SOURCE DATA:
========
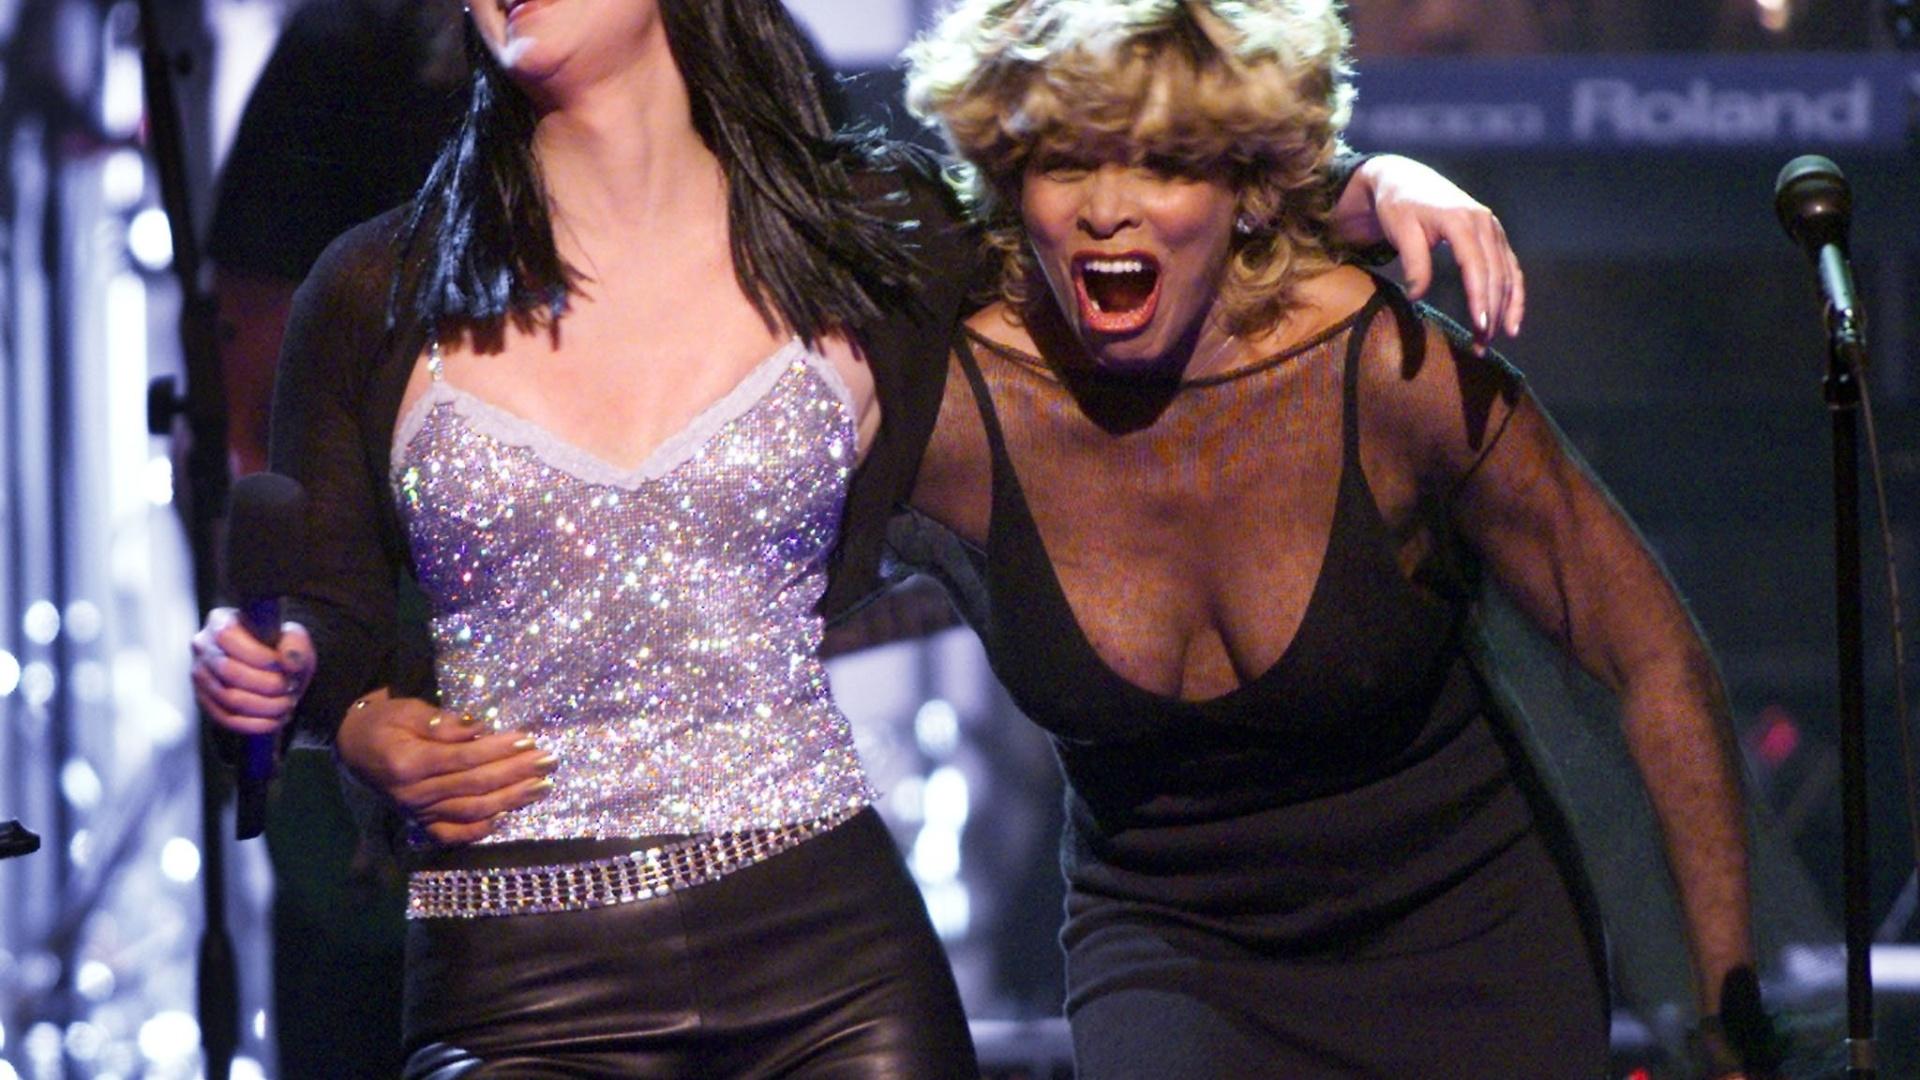 Tina Turner se apresenta junto com Cher no showTina Turner Bruised Face
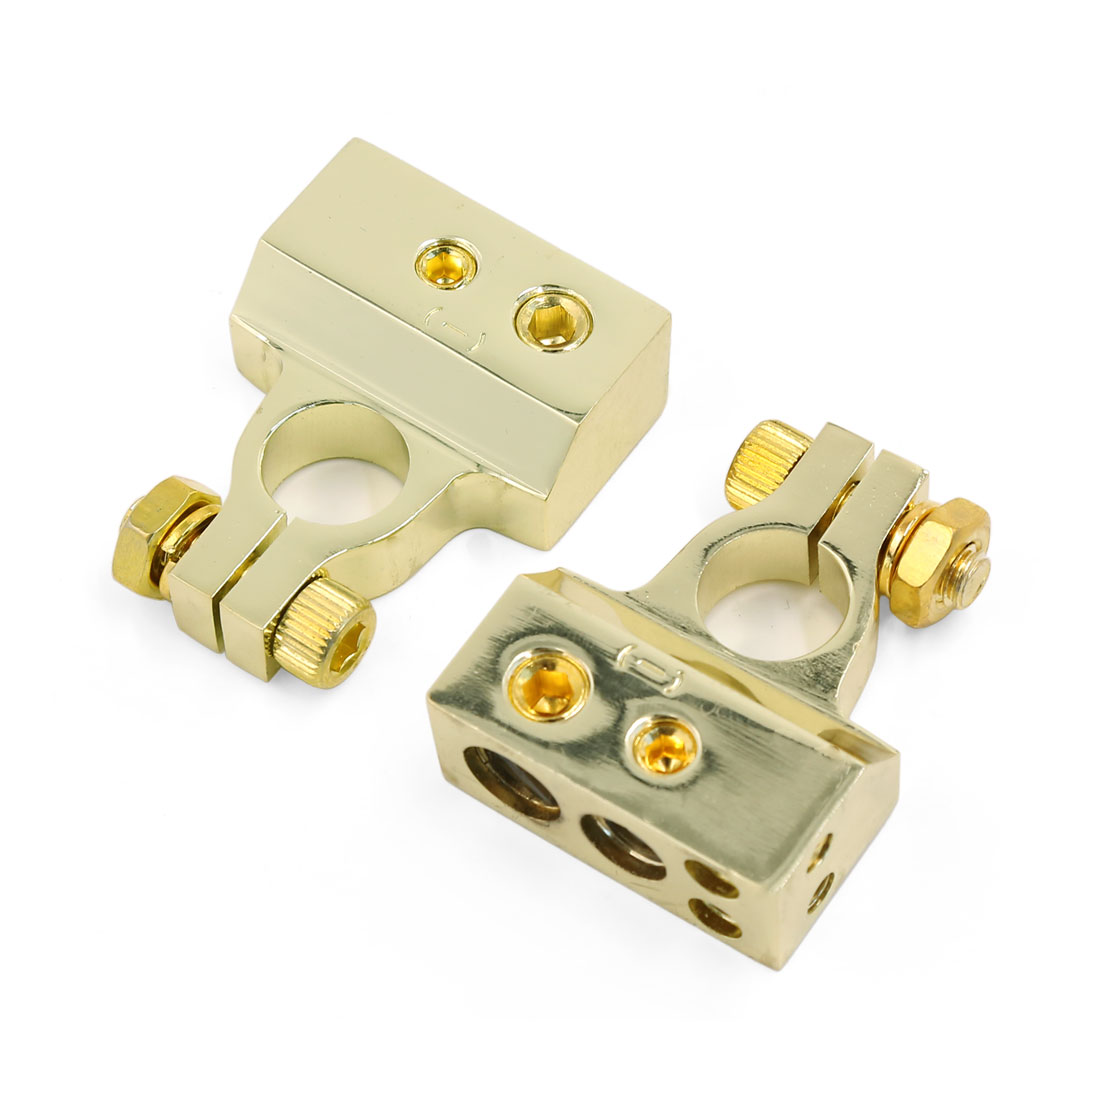 2 Pcs Gold Tone Negative Car Audio Battery Terminals Clamp Connector Posts
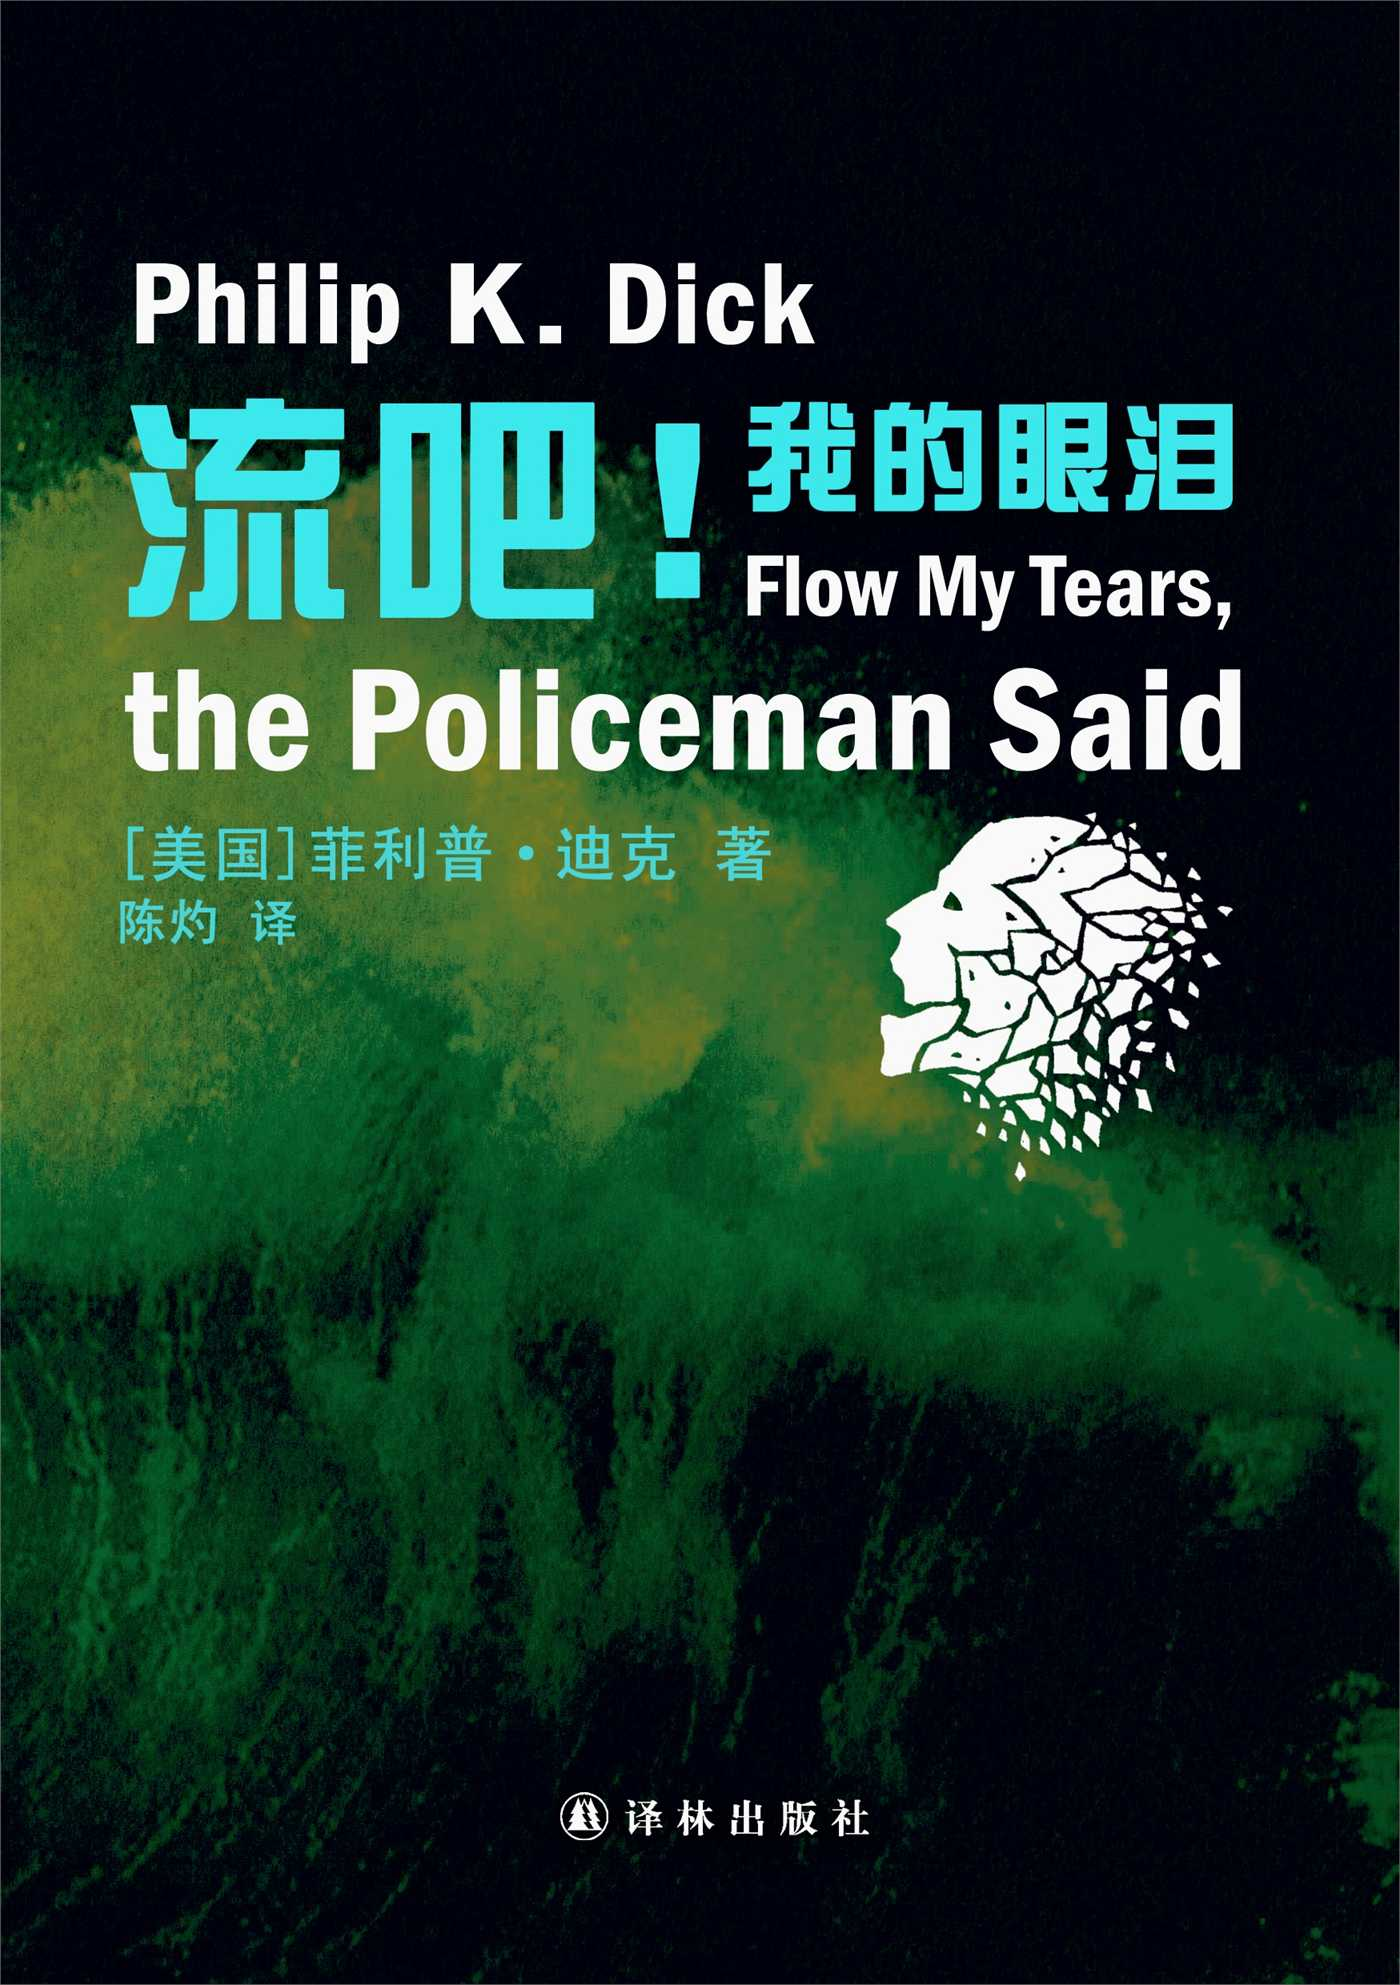 Philip K Dick and Amphetamines r/printSF - reddit
========
WORK TO BE COMPLETED: Return the listing above in full and unaltered. Keep the pictures out.

TASK SOLUTION:
 Tina Turner se apresenta junto com Cher no showTina Turner Bruised Face
 2 Pcs Gold Tone Negative Car Audio Battery Terminals Clamp Connector Posts
 Philip K Dick and Amphetamines r/printSF - reddit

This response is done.